35 U.S.C. § 112(b) provides:

The [patent] specification shall conclude with one or more claims particularly pointing out and distinctly claiming the subject matter which the inventor or a joint inventor regards as the invention.

Patent claims that don’t meet this standard are said to be invalid for indefiniteness.

As the USPTO’s website states,

In patent examining parlance, the claim language must be "definite" to comply with 35 U.S.C. 112(b) …. Conversely, a claim that does not comply with this requirement of 35 U.S.C. 112(b) … is "indefinite."

The primary purpose of this requirement of definiteness of claim language is to ensure that the scope of the claims is clear so the public is informed of the boundaries of what constitutes infringement of the patent. A secondary purpose is to provide a clear measure of what the inventor or a joint inventor regards as the invention so that it can be determined whether the claimed invention meets all the criteria for patentability and whether the specification meets the criteria of 35 U.S.C. 112(a) … with respect to the claimed invention.

It is of utmost importance that patents issue with definite claims that clearly and precisely inform persons skilled in the art of the boundaries of protected subject matter. Therefore, claims that do not meet this standard must be rejected under 35 U.S.C. 112(b) … as indefinite.

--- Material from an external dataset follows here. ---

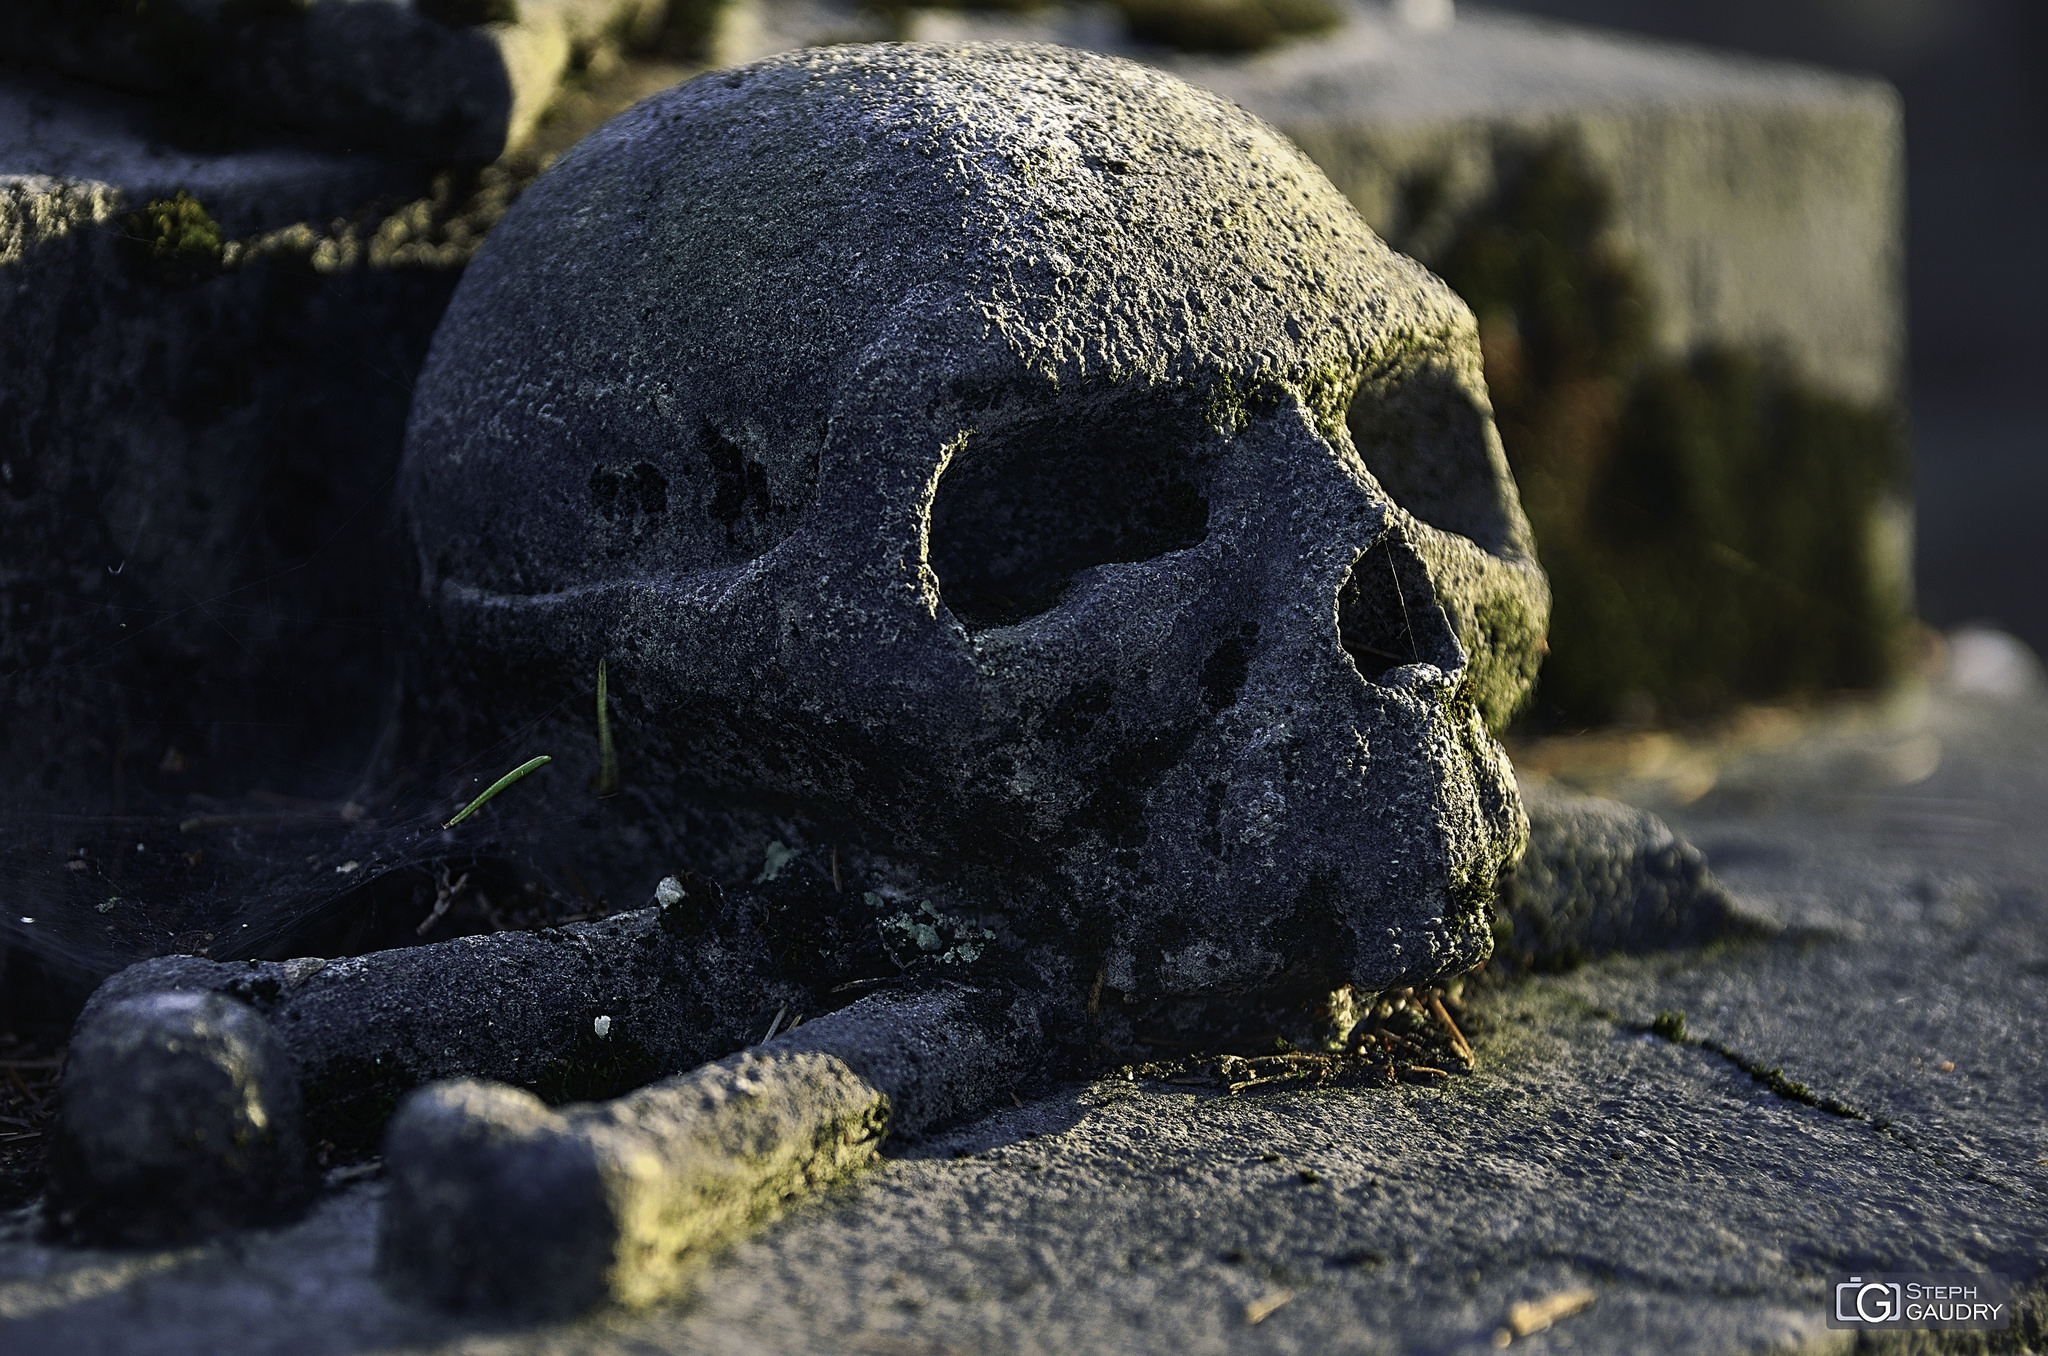 Caput-mortuum [Klik om de diavoorstelling te starten]

Before this change, the PTAB used two different approaches when evaluating claims of indefiniteness.

The first approach was based on the Federal Circuit’s approach in In re Packard, finding “[a] claim is indefinite when it contains words or phrases whose meaning is unclear.”

The second approach followed the US Supreme Court’s approach in Nautilus, Inc. v. Biosig Instruments, Inc.:

In place of the ‘insolubly ambiguous’ standard, we hold that a patent is invalid for indefiniteness if its claims, read in light of the specification delineating the patent, and the prosecution history, fail to inform, with reasonable certainty, those skilled in the art about the scope of the invention.

The PTAB noted that there has been confusion over which of these standards should apply in AIA (America Invents Act) post-grant proceedings, and patent attorneys were making arguments based on either or both.

The USPTO announced that henceforth it would follow only the Nautilus approach:

The office now clarifies that the Board shall follow Nautilus in AIA post-grant proceedings. Because the office's claim construction standard in AIA post-grant proceedings now aligns with that used by courts in a civil action, and because indefiniteness questions are generally considered as part of the claim construction process, the office's approach to indefiniteness in AIA post-grant proceedings should likewise align with that used by the courts following the Supreme Court's decision in Nautilus. As with the claim construction standard, aligning the indefiniteness approach in AIA post-grant proceedings will promote consistency and efficient decision making among coordinate branches of government that decide similar issues in co-pending proceedings. This memorandum confirms, therefore, that Nautilus is the correct approach for analyzing indefiniteness in AIA post-grant proceedings.